__INPUT DATA__.
=== Begin Enclosure ===

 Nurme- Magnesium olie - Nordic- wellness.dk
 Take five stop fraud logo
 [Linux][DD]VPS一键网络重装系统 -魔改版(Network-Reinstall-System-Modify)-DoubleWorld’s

=== End Enclosure ===

__TASK OBJECTIVE__.
Word for word, reproduce all of the material shown above.

__ANSWER SECTION__.
 Nurme- Magnesium olie - Nordic- wellness.dk
 Take five stop fraud logo
 [Linux][DD]VPS一键网络重装系统 -魔改版(Network-Reinstall-System-Modify)-DoubleWorld’s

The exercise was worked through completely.